An industrial and high-grade school for girls, is located in the historic town of Camden, S. C., within the bounds of the district. The work done there and the discipline are so thorough that it deserves more than mere mention. The Home was built in 1887 by the Woman's Home Missionary Society of the M. E. Church, to educate girls and young women along the line of practical housekeeping. Since the opening of the school, about one hundred and twenty-five have received training. Connected with the Home is a day-school of high grade, having a regular course of study, from which three classes have graduated. The school this year is well attended, having an enrollment of over two hundred; and thirty-seven girl boarders in the Home.

The Home will be enlarged so as to accommodate all who may come. Total expenses for board and tuition, five dollars per month.

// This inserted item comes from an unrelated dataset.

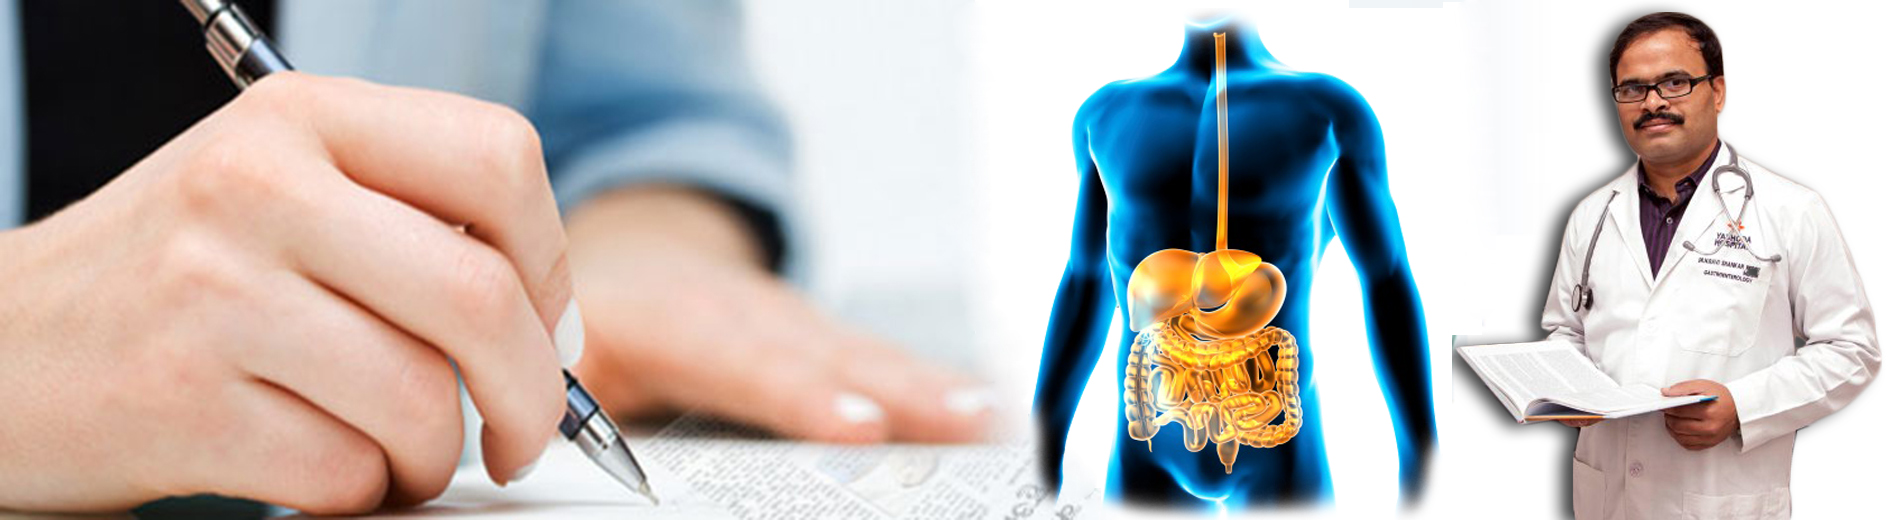 Gastroenterology | Medical Responsive Website Templates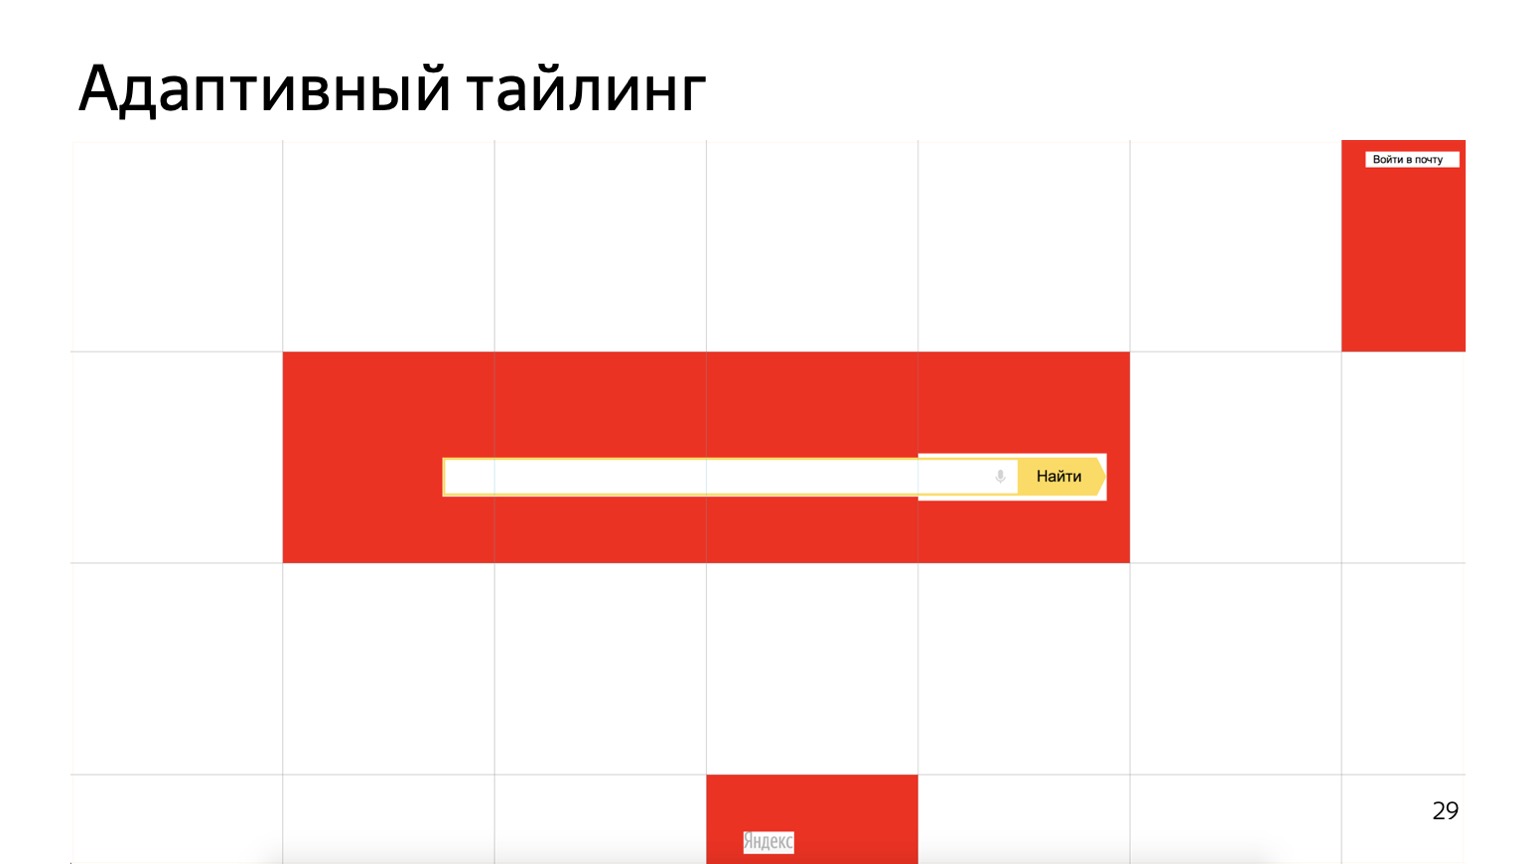 Как рисует браузер. Доклад Яндекса - 28

Mrs. Gordon, the superintendent, and her corps of teachers, are a noble band of self-sacrificing women, who came from the North. They have been the subjects of opposition, and abuse, and ostracism, in their efforts to elevate a downtrodden people, and they deserve, and ought to have, the patronage, sympathy, and good-will of all.

GAMMON THEOLOGICAL SEMINARY.

Gammon Theological Seminary, at Atlanta, Georgia, is the largest theological school for the exclusive education of colored men in the United States. It stands to-day a monument to the philanthropy of Elijah H. Gammon, of Maine, a noble gentleman, who endowed the school with nearly half a million dollars. Dr. Gammon was certainly a philanthropist. This fact is plainly indicated by his splendid beneficence.

He did not wait till in sight of the grave and then cast off his wealth as a possession he could no longer use; but living, he poured out his treasures; yea, more, he gave the ripe thought of his last years—planned and wrought for the equipment of this Seminary. The measure of his philanthropy is not in that he gave $10,000 to Garrett, $5,000 to the Maine Wesleyan, thousands to churches and aid to many struggling students. The mere catalogue of benefactions is no measure of the real philanthropist. The man himself, his motive, his purpose, his sacrifice, his unselfish enthusiasm, his giving of thought and time and heart for humanity—these are the tests of genuine philanthropy.

He did not endow this school merely for the sake of the Methodist Episcopal Church. He wanted to help all his fellow-men through all the churches. It was entrusted to the care and direction of the Methodist Episcopal Church, as best adapted through its spirit, organization and government in the South, to carry out his plans.

His benefactions took the form of a theological school because he believed that the ministers held the centre of power, and were to be the leaders of their race for years to come.

He established an institution opened especially for the Negro race, not because they were black, but because they were the most needy of all men. He simply gave practical expression to his faith in the fatherhood of God and the brotherhood of man. He was no sentimentalist as regards the Negro. He simply had a heart as broad as humanity—a great heart backed by conscience—and without prejudice, it went out to this race as a part of God's family, needing the touch of Christ's hand, through him.

Rev. Wilbur P. Thirkield, D. D., President of Gammon Theological Seminary, is laboring hard and earnestly to make the institution all that Dr. Gammon, its founder, had aimed to have it; and the class of young men who are receiving their training for the ministry in this school is certainly a compliment to the endeavors of its president.